WHAT THIS TASK INVOLVES — Reproduce exactly the span of lines beginning at the one with "Perceptions Black /" and ending at the last line of the data below, omitting pictures.

THE DATA —
-------------------------

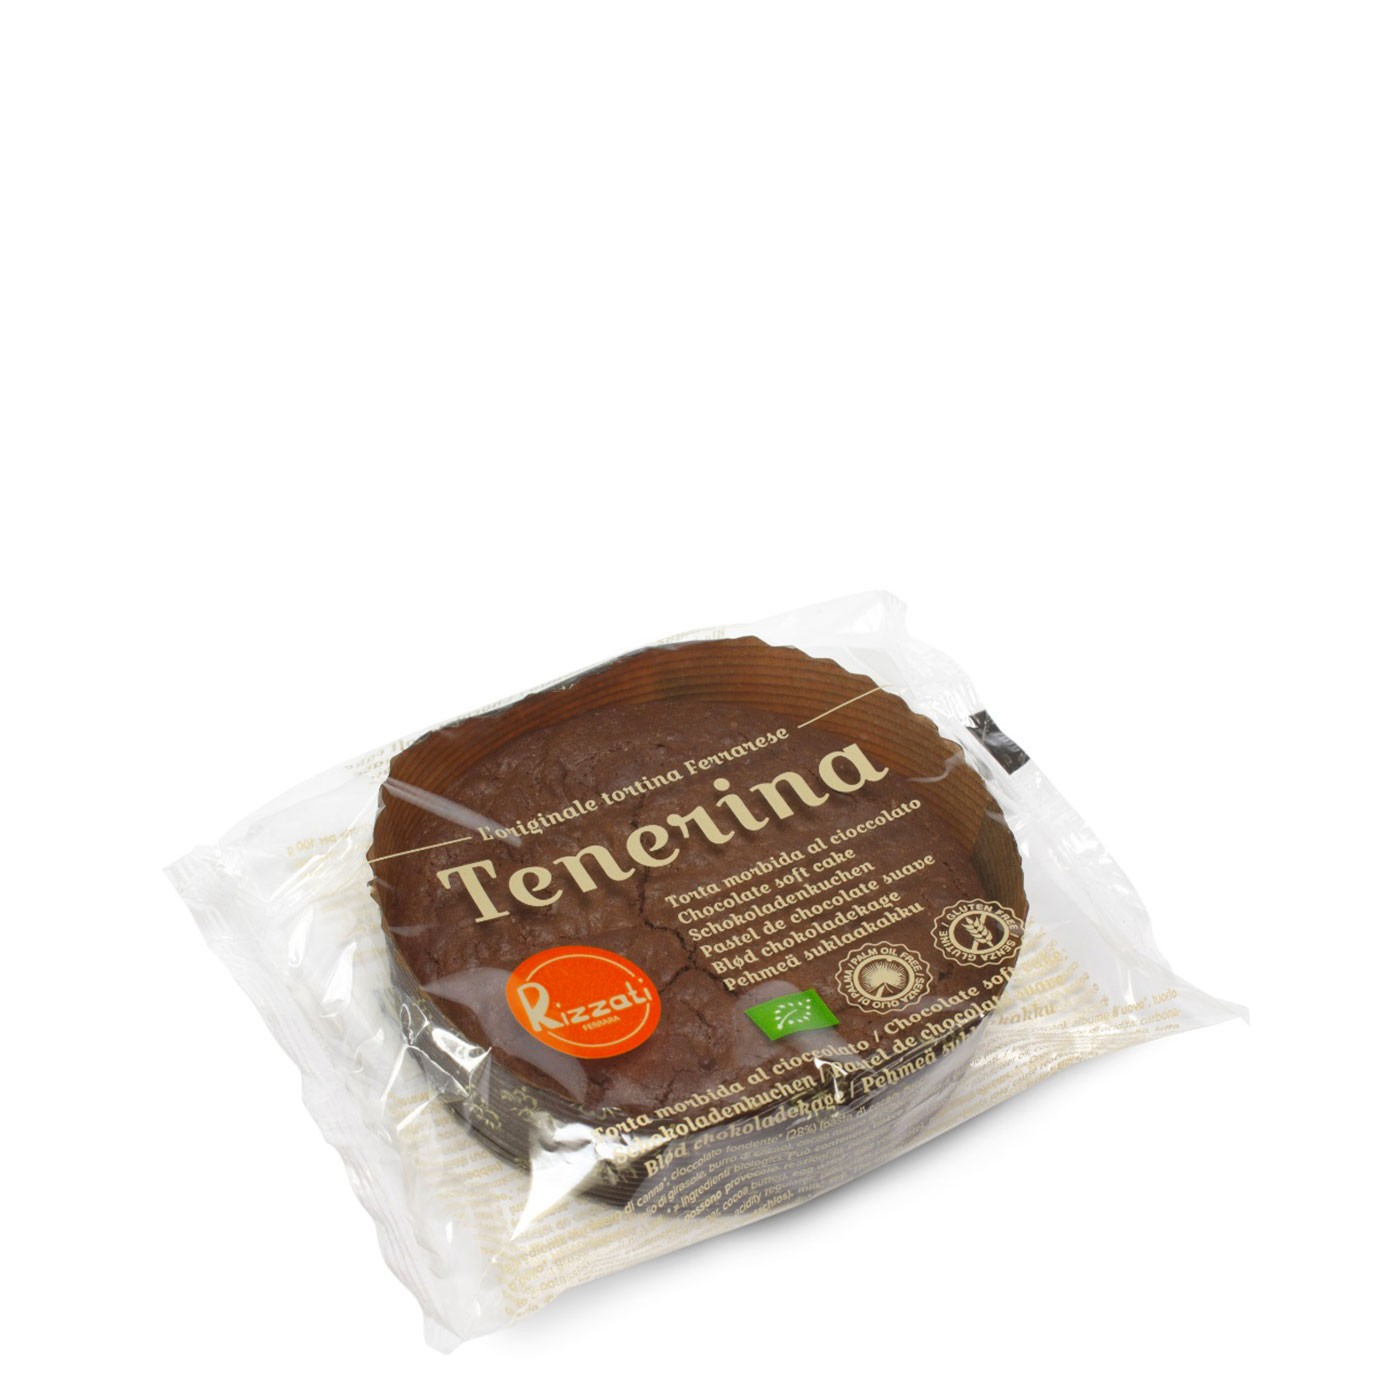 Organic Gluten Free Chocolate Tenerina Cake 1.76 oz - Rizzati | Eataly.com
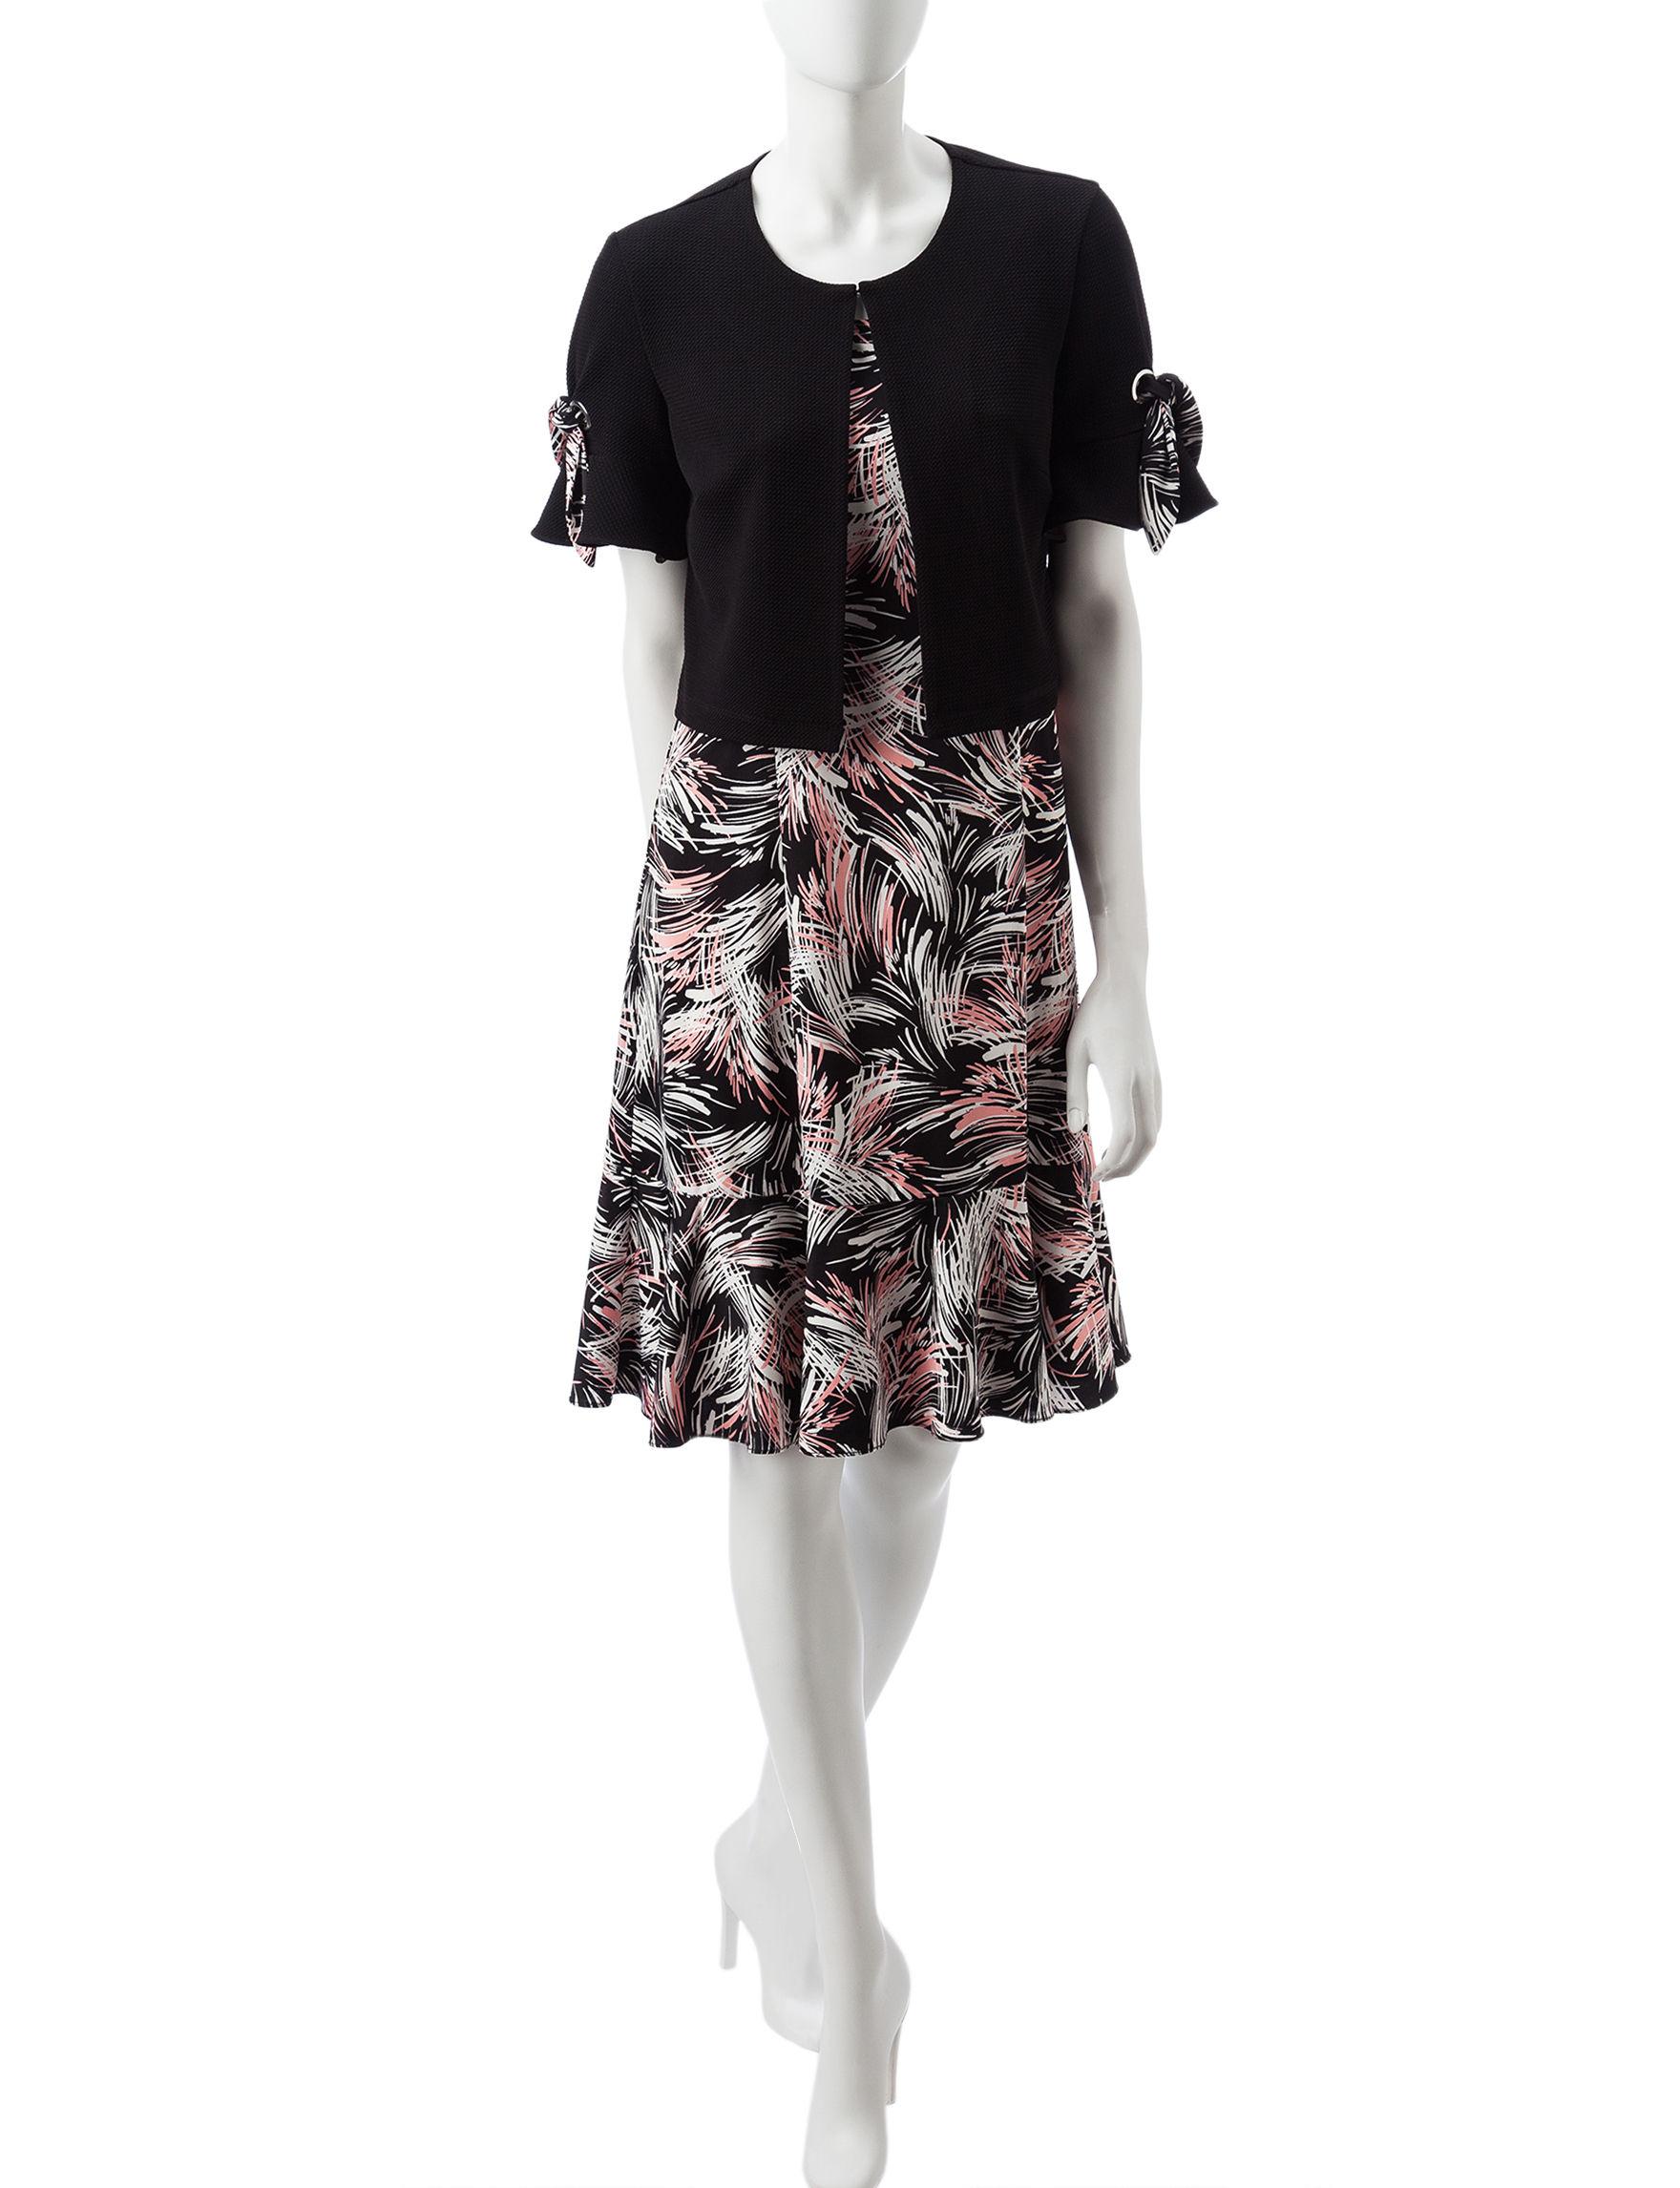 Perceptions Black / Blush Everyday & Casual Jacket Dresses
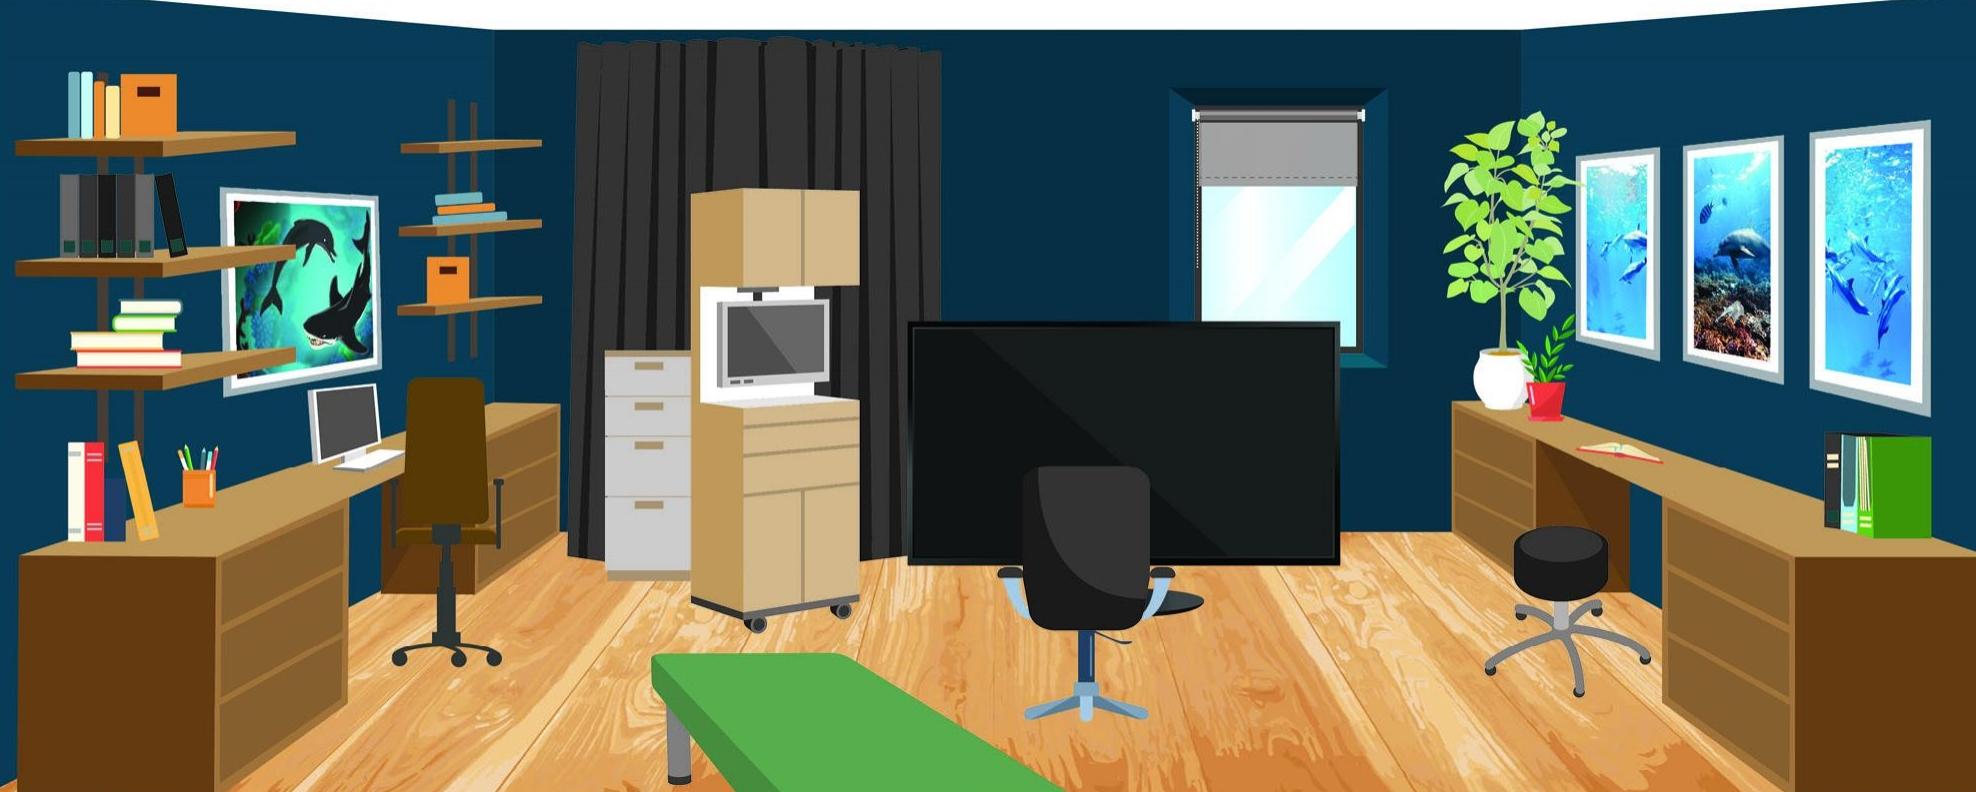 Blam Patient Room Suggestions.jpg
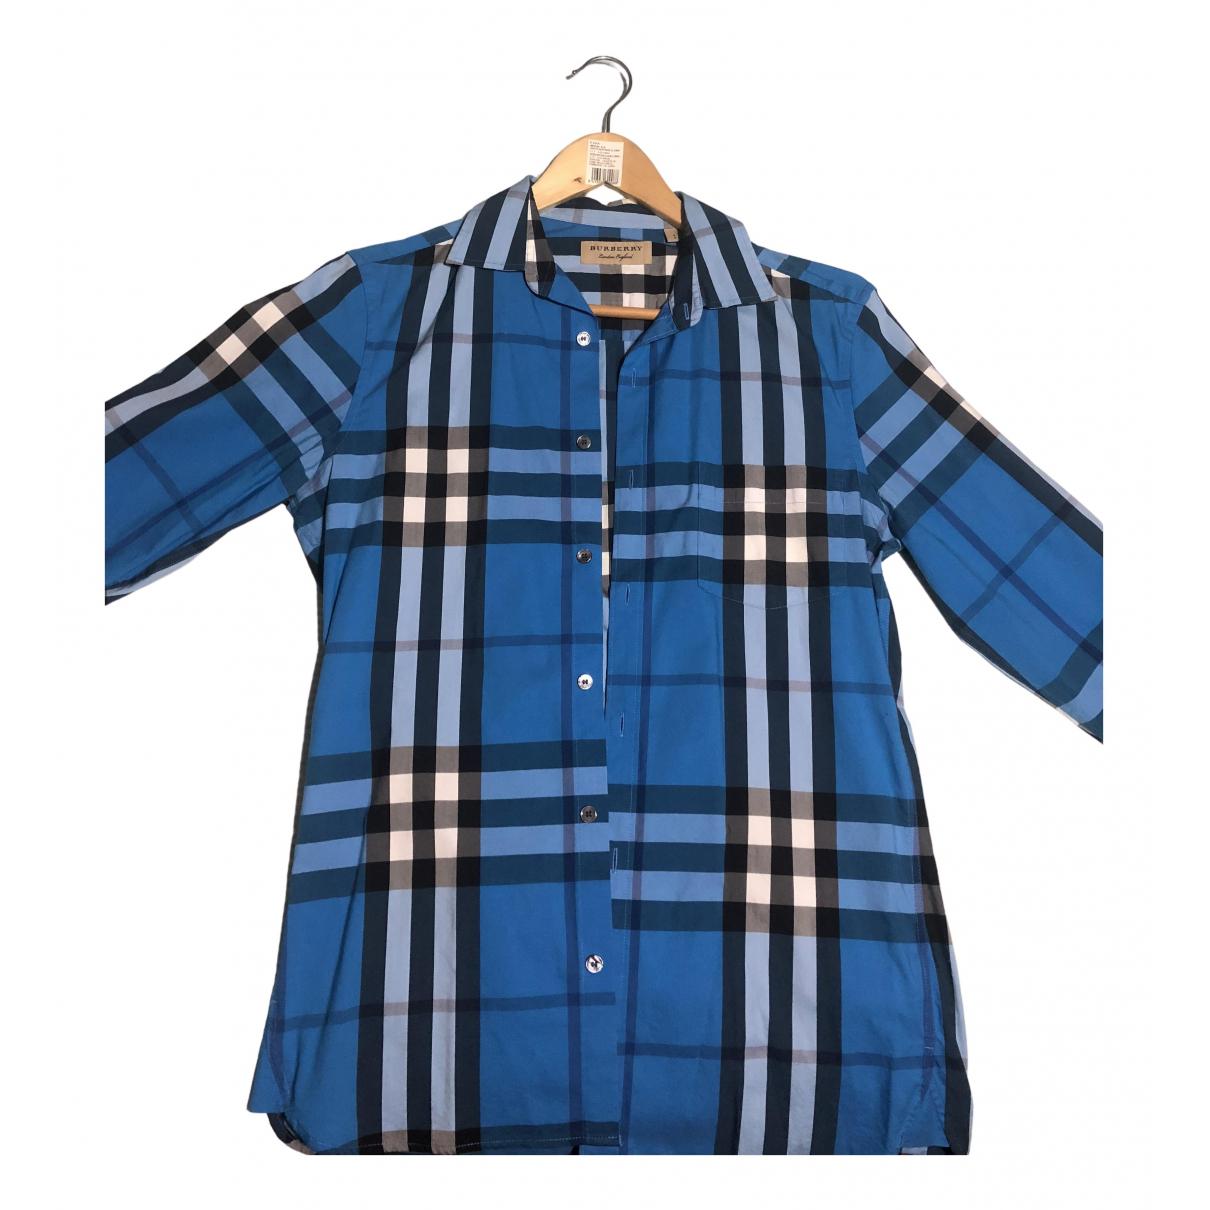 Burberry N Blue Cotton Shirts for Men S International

-------------------------

ANSWER TO THIS TASK —
 Perceptions Black / Blush Everyday & Casual Jacket Dresses
 Blam Patient Room Suggestions.jpg
 Burberry N Blue Cotton Shirts for Men S International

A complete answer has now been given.